A developer of the food hall project proposed for downtown Marietta said the first batch of restaurants set to inhabit the space would be announced sometime early next week.
Developers Capital Properties Group and Concordia Properties announced the project in March, saying it would be an 18,000-square-foot mixed-use complex like Atlanta places-to-be-seen Krog Street and Ponce City markets.
Ed Lee with CPG said leases on about four or five of the restaurants should be finalized and ready to announce either Monday or Tuesday.
He said he expects the food hall to open at about three-quarters capacity.
The market, which would be just behind the William Root House Museum & Garden, was first proposed as having room for three anchor restaurants and eight smaller kiosks between 400 and 800 square feet.
This would all happen inside the historic Marietta Station buildings at 68 N. Marietta Pkwy. NW, making the market about a seven-minute walk from its namesake Square.

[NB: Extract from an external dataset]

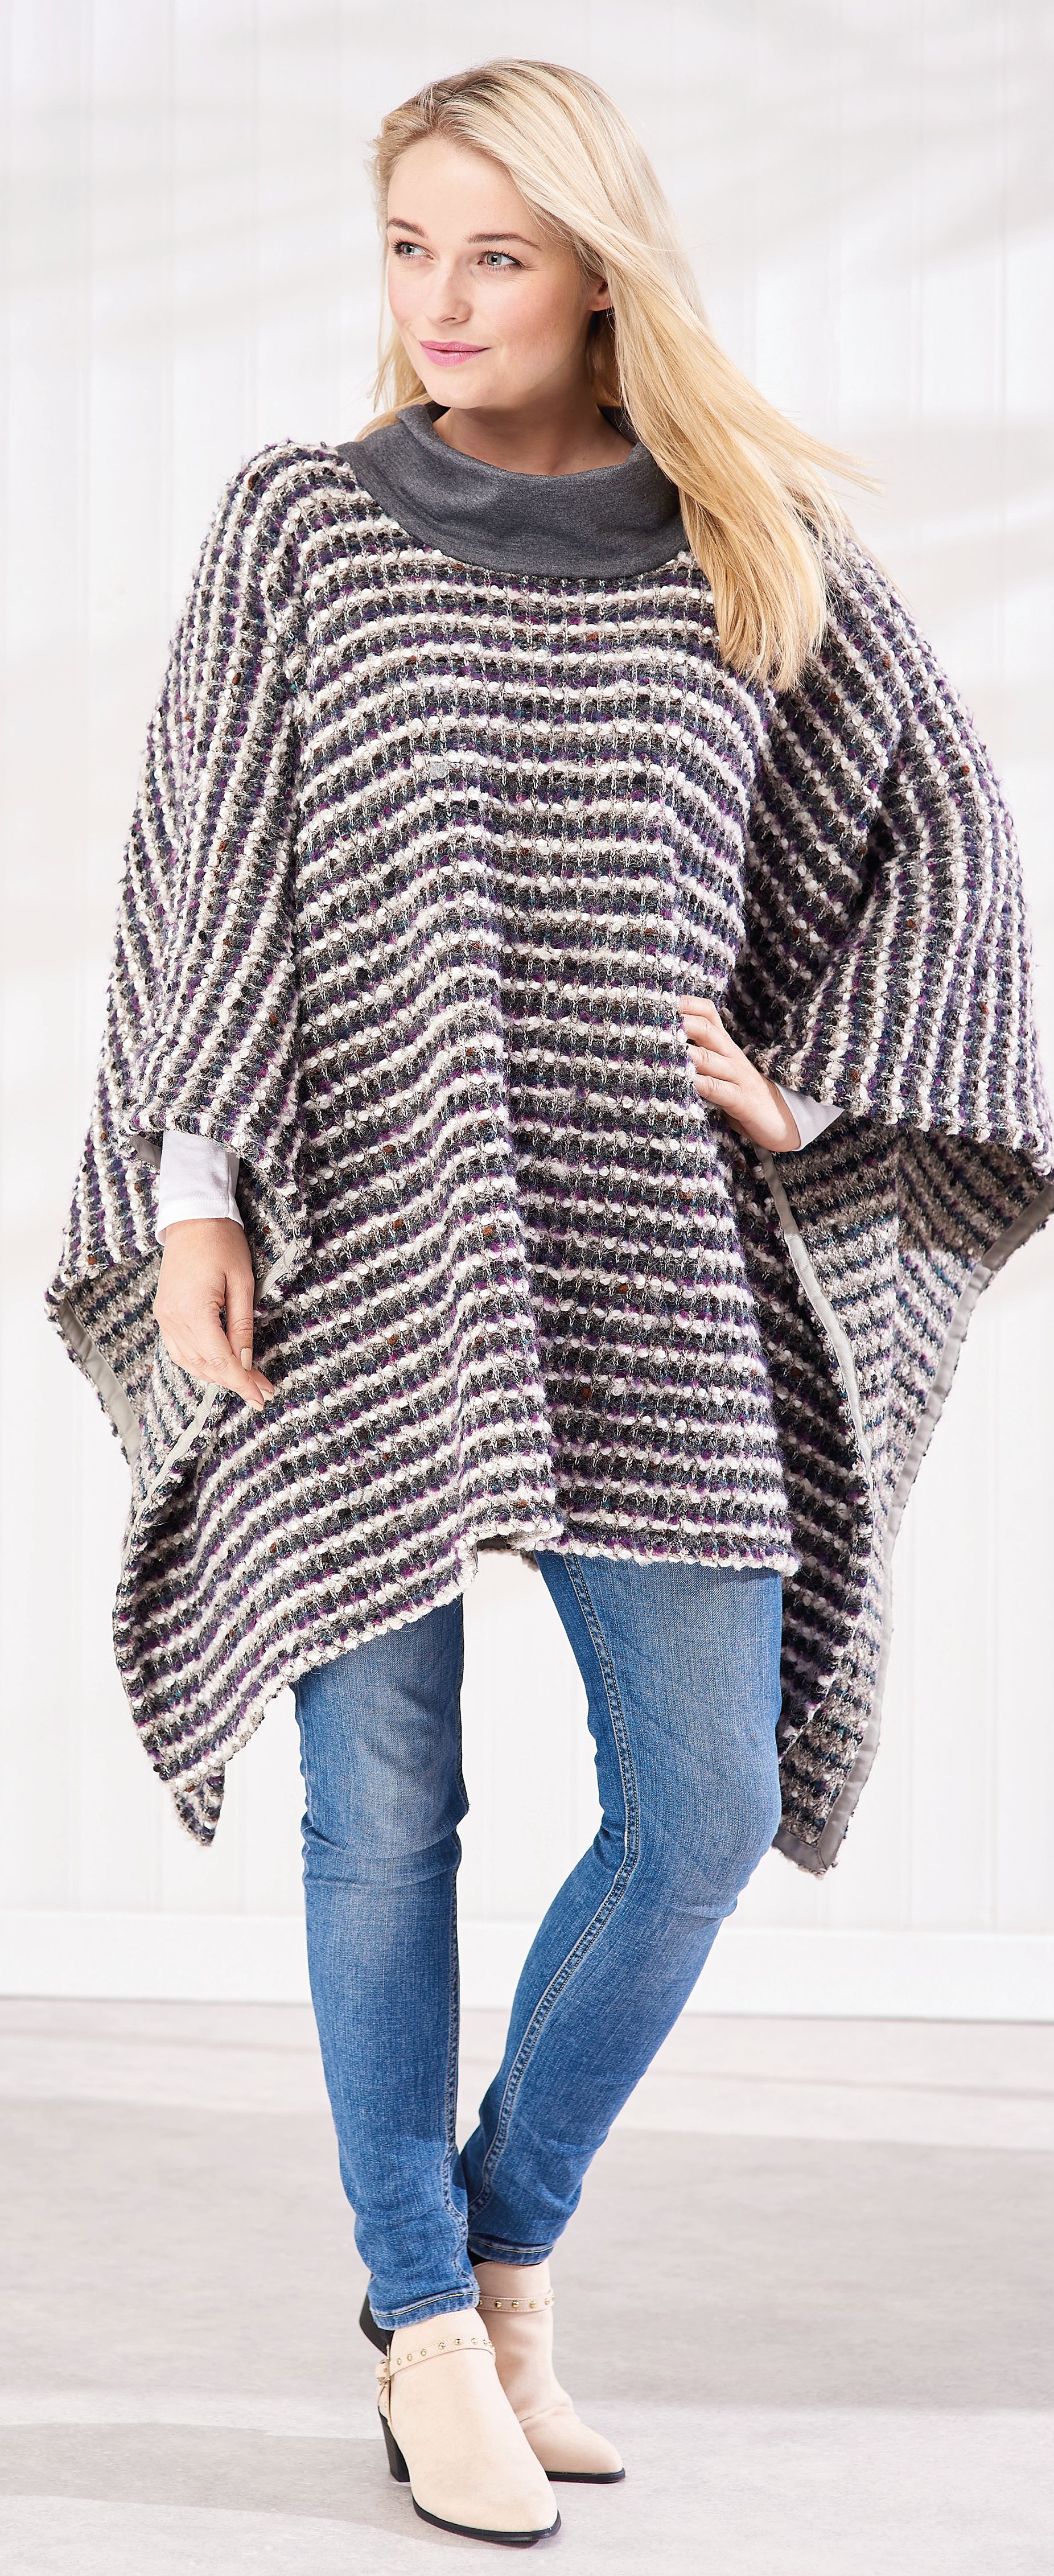 32+ Designs Open Front Poncho Sewing Pattern - ShirelleJaymee

The project passed its first step of approval from the historic preservation commission in early April; Lee said project leaders are now getting small changes approved by the board.
The next step is applying for permits, which he said would happen in the next month or two.
Aesthetically, the food hall will be themed as an old train station, the intention being to draw on the county’s long locomotive history.
One of the vendors would be inside a restored 1922 curved side streetcar made to look like the ones that ran from Marietta to Atlanta in the 1930s and 40s.